Lengnau

«Mein Vater lehrte mich das Beobachten und Stillsitzen»

Ausstellungsorganisator Thomas Amiet und sein Vater, Maler Peter Amiet. Ursula Burgherr

Ausstellungsorganisator Thomas Amiet und sein Vater, Maler Peter Amiet. Ursula Burgherr

LengnauSeit seiner Kindheit hält sich Peter Amiet gerne in der Natur auf. Der einstige Theologe ist ein sorgfältiger Betrachter der Tier- und Pflanzenwelt, die er auf seinen naturalistischen Bildern darstellt.

Die Besucherin steht im Dorfmuseum Lengnau vor einem Ölbild mit einem im Wasser schwimmenden Salamander.

«Diese Amphibie ist lebend gebärend, das Weibchen trägt seine Embryonen in Eihüllen aus», sagt Peter Amiet.

Über jedes Tier, das er gemalt hat, weiss er etwas zu erzählen. Seien es Rehe in einer Waldlichtung oder mit ultrafeinen Pinseln kreierte Insekten und Schmetterlinge. «Früher machte ich noch Pinsel aus meinen eigenen Haaren», lacht Amiet, dessen Schopf sich inzwischen deutlich gelichtet hat.

Die Idee für die Ausstellung «Waldrauschen», in der sich alles um die Natur dreht, kam von Peter Amiets Sohn Thomas.

Er erinnert sich: «Als Kind haben mir die vielen Ausflüge mit dem Vater gefallen, inspiriert und auch genervt … Denn gerade im heranwachsenden Alter wollte man vielmals lieber mit den Kollegen spielen als ‹Tierli› anschauen.»

Im Nachhinein empfindet er die Zeit als prägend und wertvoll. «Ich habe von meinem Papa das Beobachten, das Sehen und Stillsitzen gelernt.» Die Frage nach der Existenz beschäftigte den heute 77-jährigen Peter Amiet schon immer, sei es in seinem ehemaligen Beruf als Theologie-Professor und Pfarrer (unter anderem in Baden und Möhlin), oder wenn er mit seiner Staffelei unterwegs ist.
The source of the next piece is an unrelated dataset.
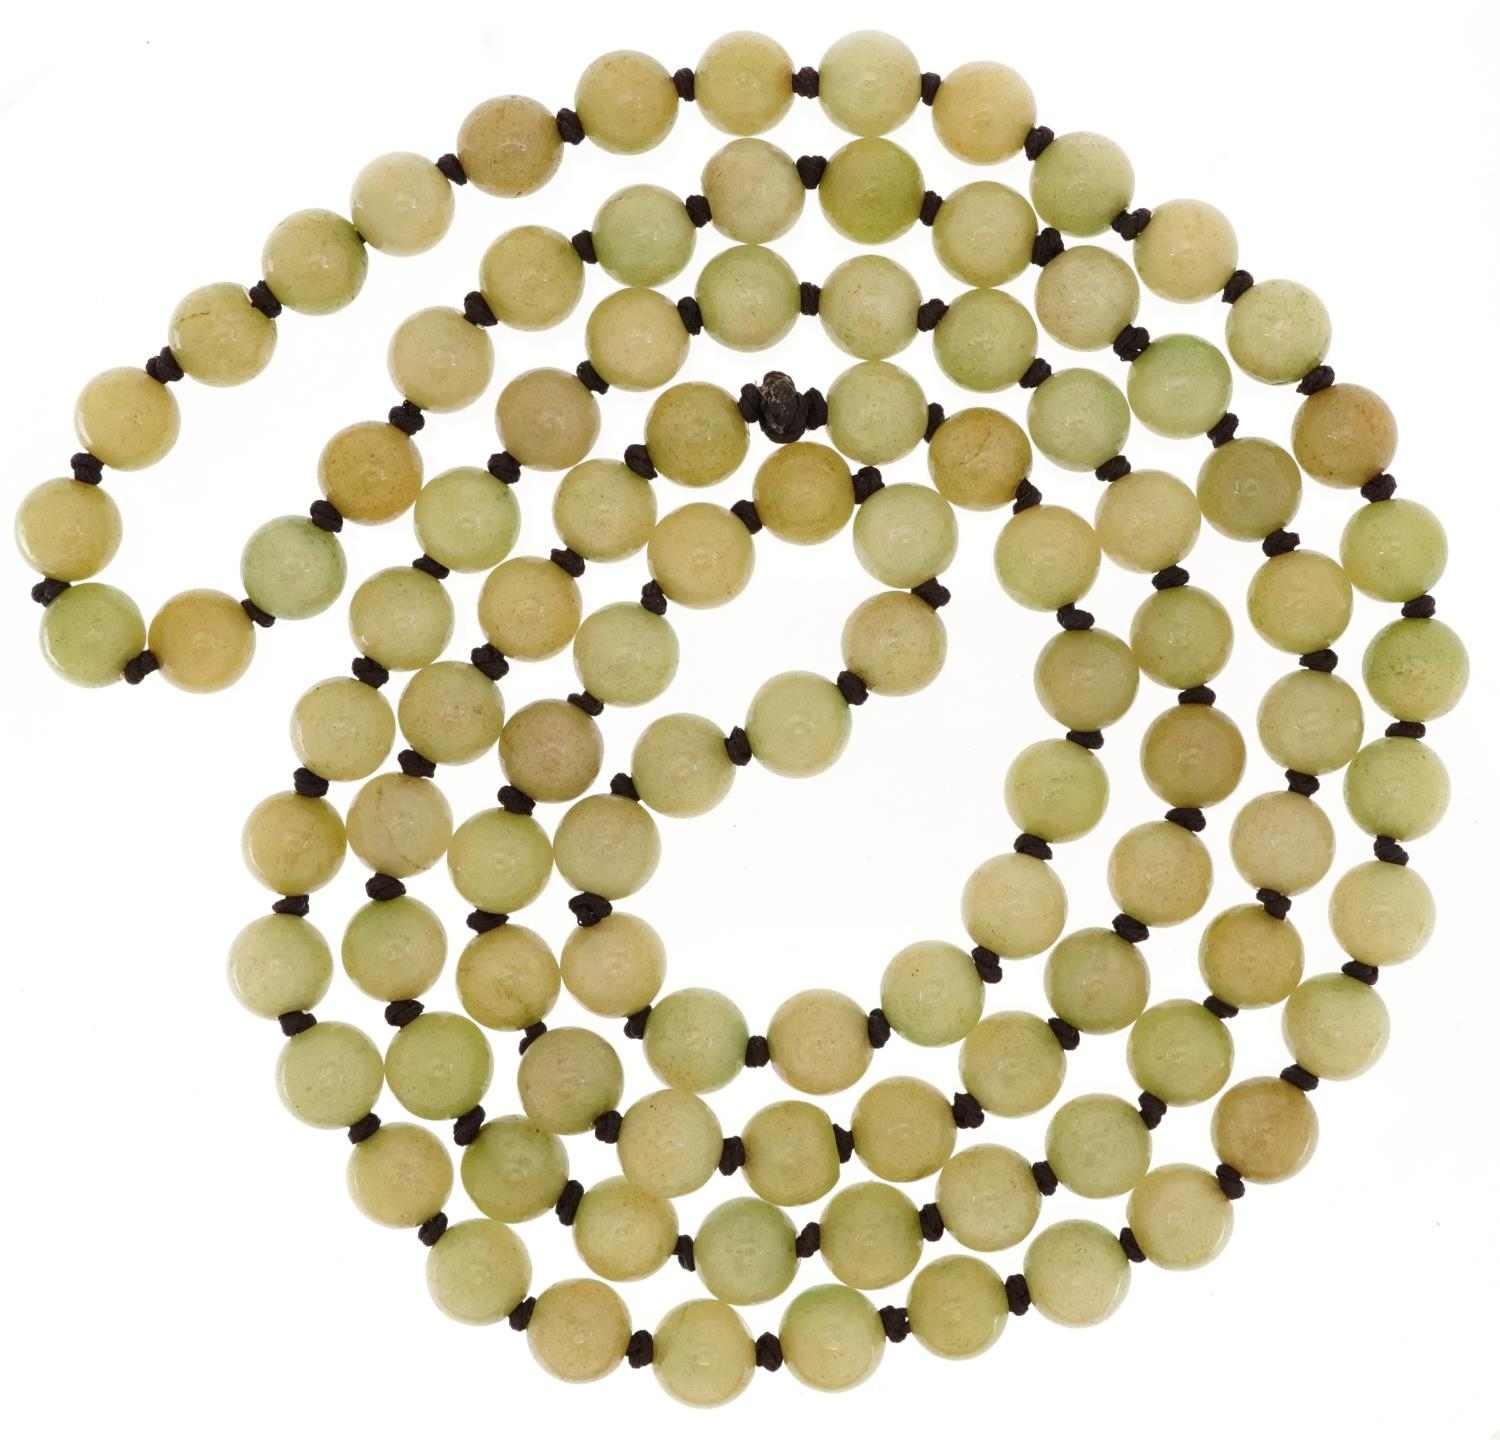 Chinese green jade bead necklace, 124cm in length, 150.7g - Image 2 of 2

Stunden verbringt er in der Natur, um deren Schönheit auf Leinwand festzuhalten. Die Eltern förderten seine Kreativität stets. Er ging bei der Zeichnungslehrerin des grossen Schweizer Malers Cuno Amiet in den Kurs.

Später lernte er den berühmten Namensvetter auch persönlich kennen, der sehr angetan war vom Schaffen des jungen Künstlers. Neben den Naturbildern sind in einer Vitrine auch Porträts von den drei Kindern Sibylle, Thomas und Matthias zu sehen.

Sie zeugen von der künstlerischen Vielfalt Amiets. Vernissageredner war Clown Gaston aus dem Circus Conelli, in dem der heute in Wettingen lebende Künstler Peter Amiet ein ganzes Œuvre über den Zirkus kreierte.

Gaston über seinen Freund: «Peter Amiet hat bei uns gemalt und es sind viele schöne Kunstwerke entstanden. Doch fühlte er sich in der Hektik und dem lauten Umfeld nicht sehr wohl – so hat jeder seine Präferenzen. Denn auch ich suche die Stille – besonders vor meinen Auftritten.»

Amiet zeigte sich an der Vernissage sehr berührt über den grossen Publikumsaufmarsch und gestand: «Die Nacht vor der Vernissage habe ich kaum geschlafen.»

Die Ausstellung «Waldrausch» von Peter Amiet kann bis 24. März im Dorfmuseum Lengnau besichtigt werden. Öffnungszeiten: Mittwoch und Freitag, 17 bis 20 Uhr, Samstag und Sonntag, 11 bis 17 Uhr.